Data provided.
=== Begin Enclosure ===

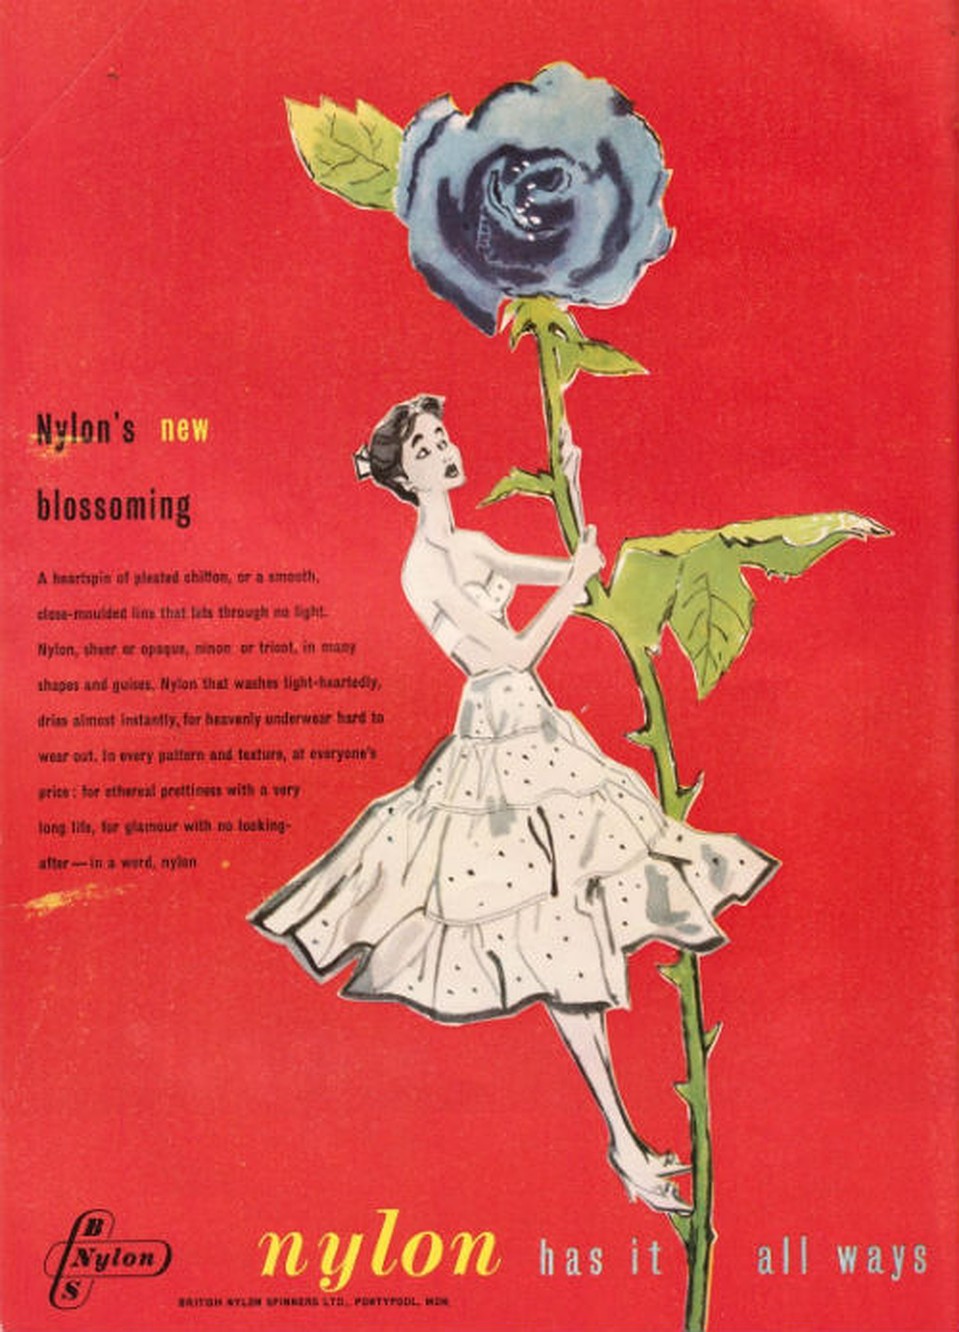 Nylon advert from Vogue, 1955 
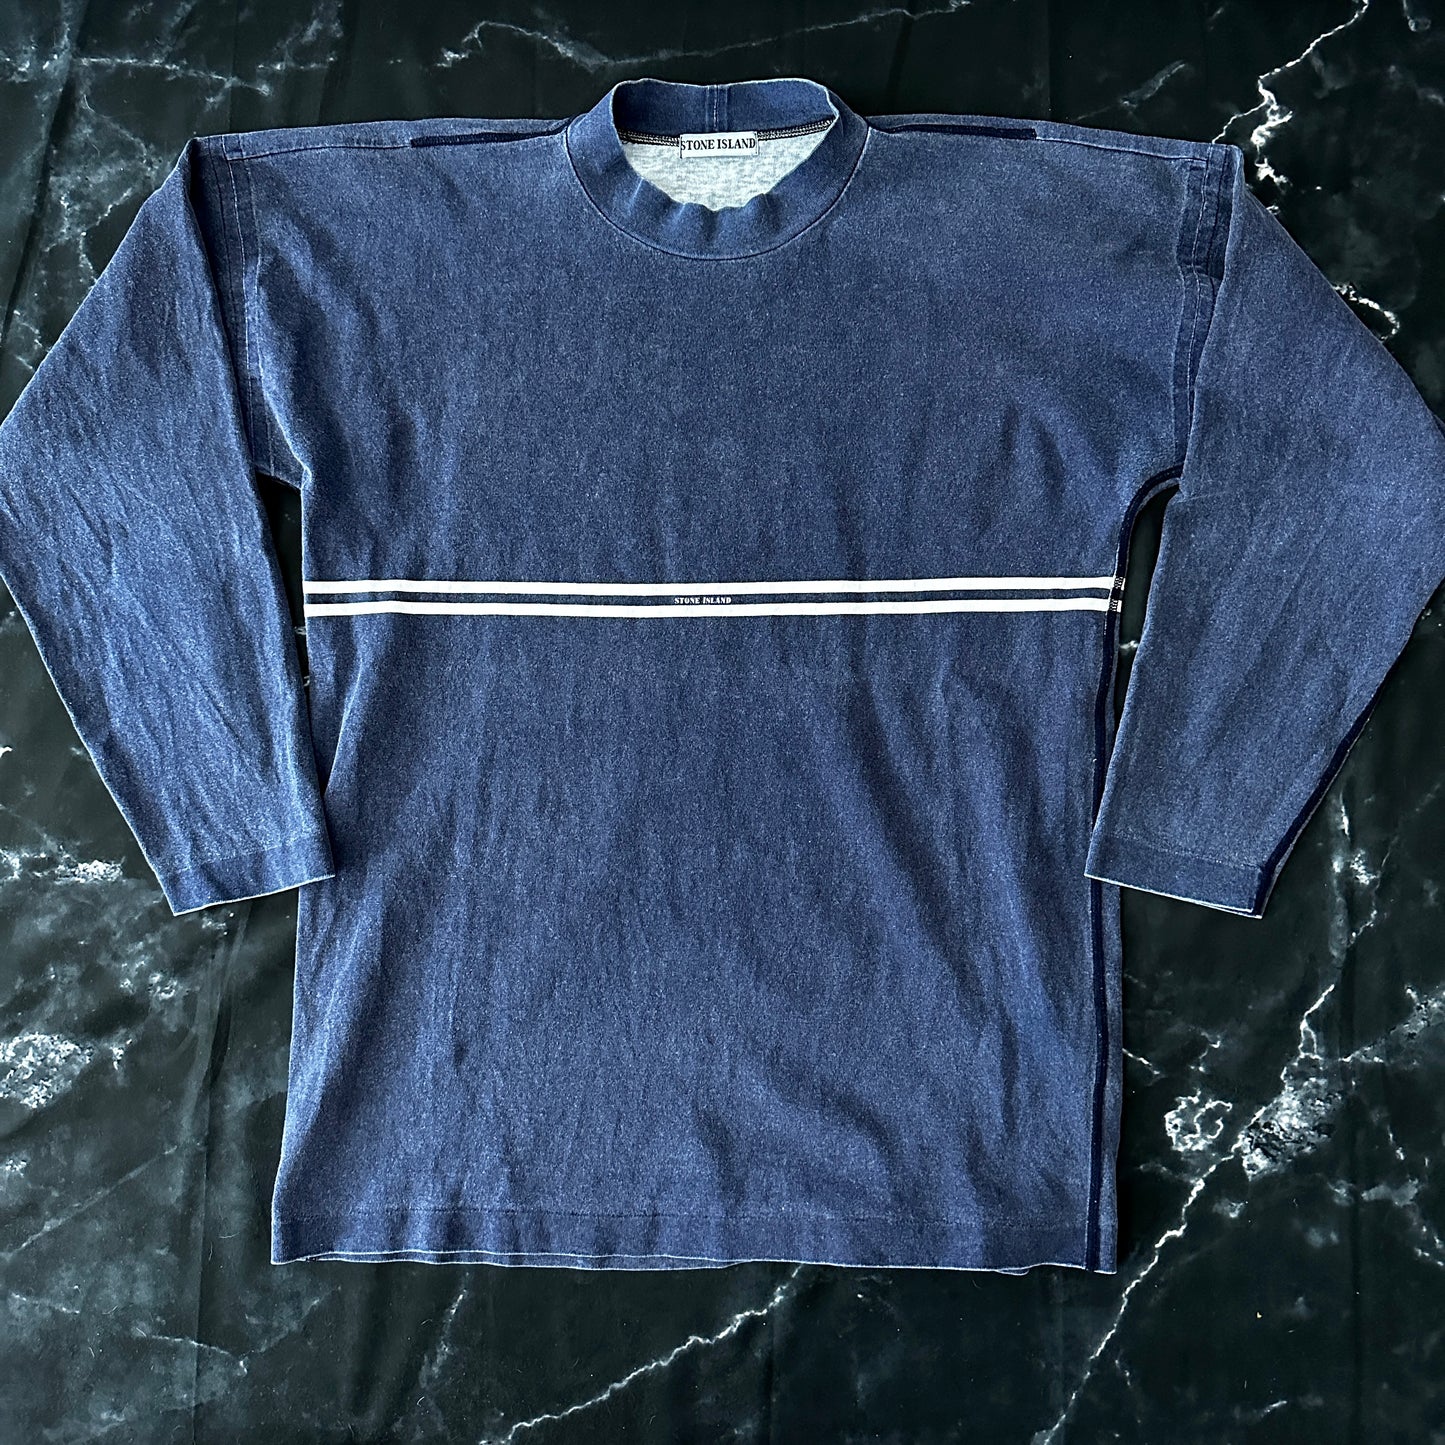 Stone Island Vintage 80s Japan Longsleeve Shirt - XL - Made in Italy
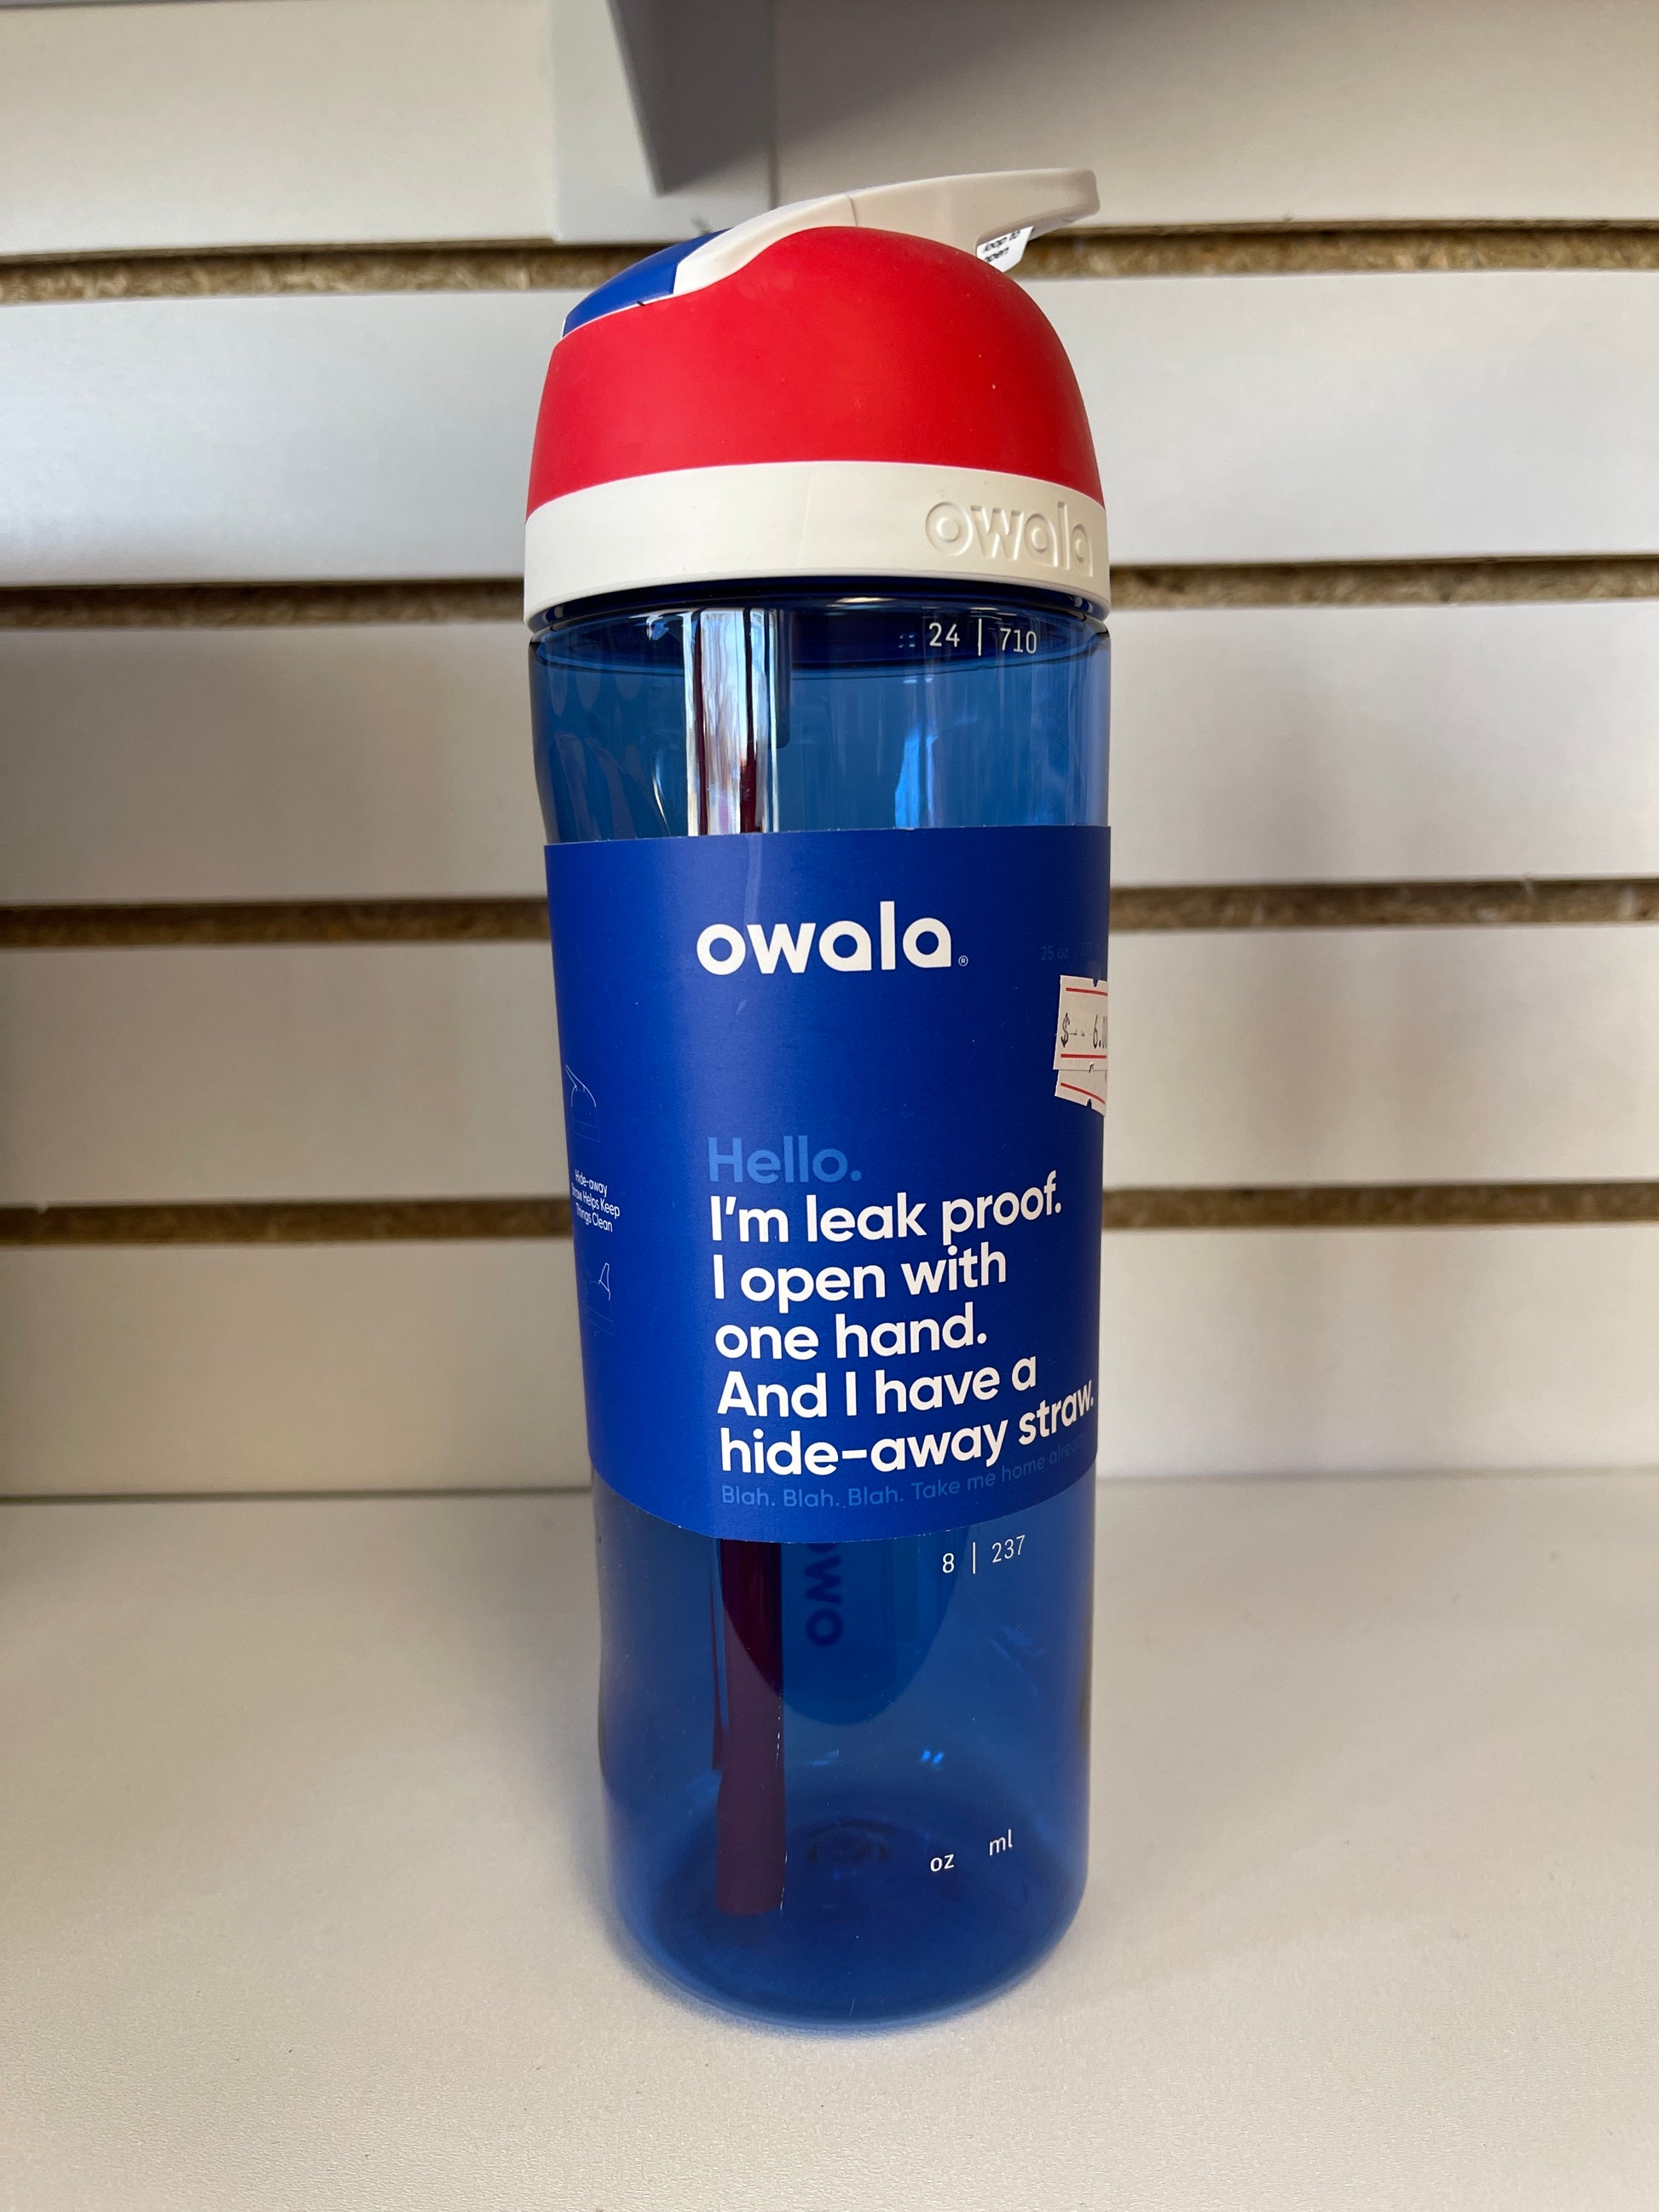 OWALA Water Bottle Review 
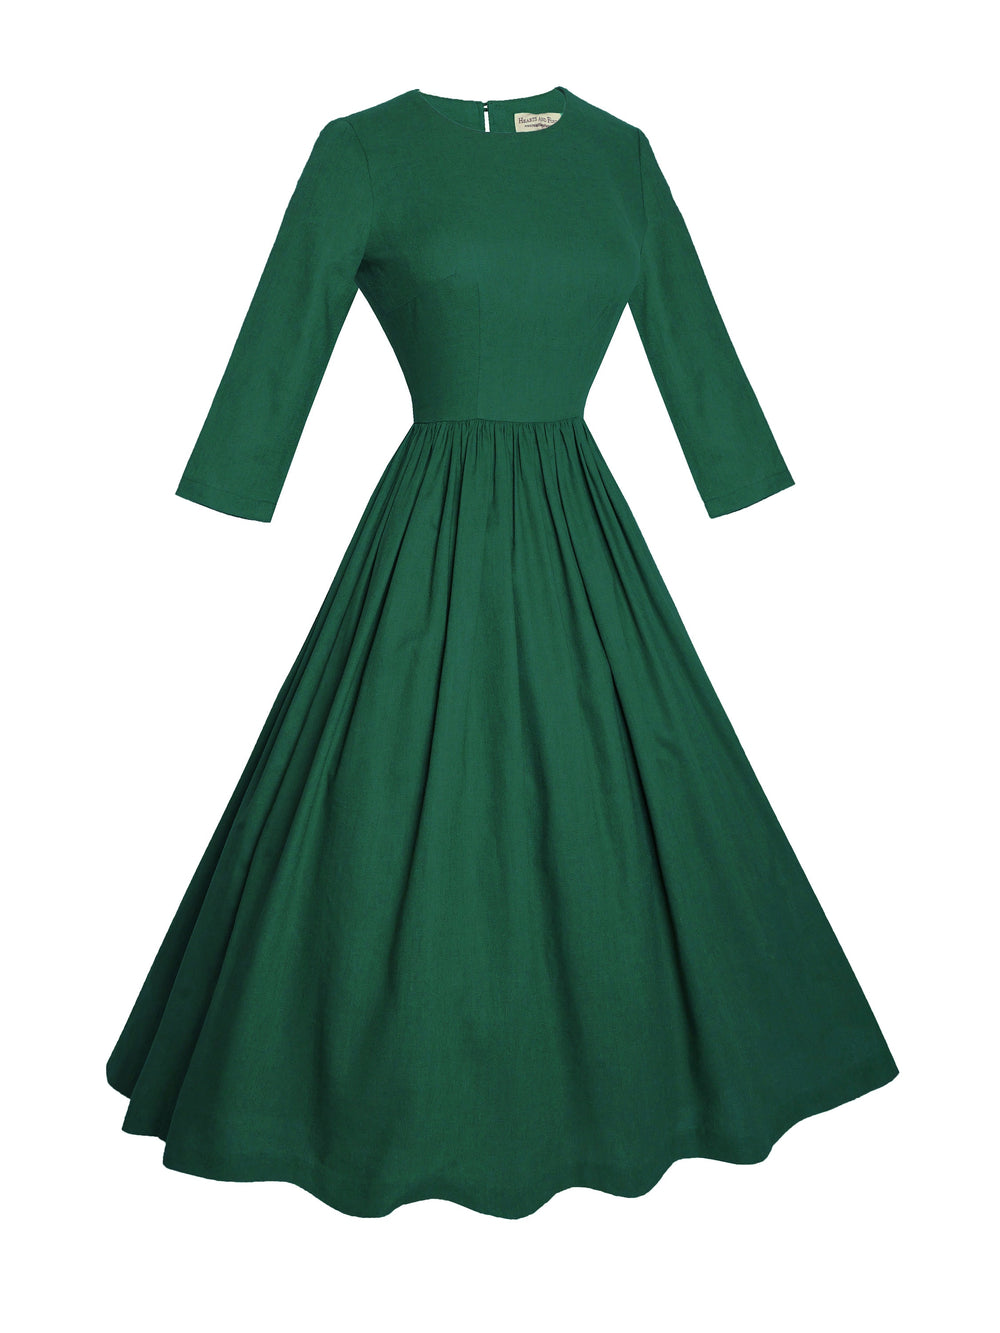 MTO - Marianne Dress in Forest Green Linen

=== End Enclosure ===

Required action. All of the material is to be reproduced verbatim, pictures excluded.

Solution to this exercise.
 Nylon advert from Vogue, 1955 
 Stone Island Vintage 80s Japan Longsleeve Shirt - XL - Made in Italy
 OWALA Water Bottle Review 
 MTO - Marianne Dress in Forest Green Linen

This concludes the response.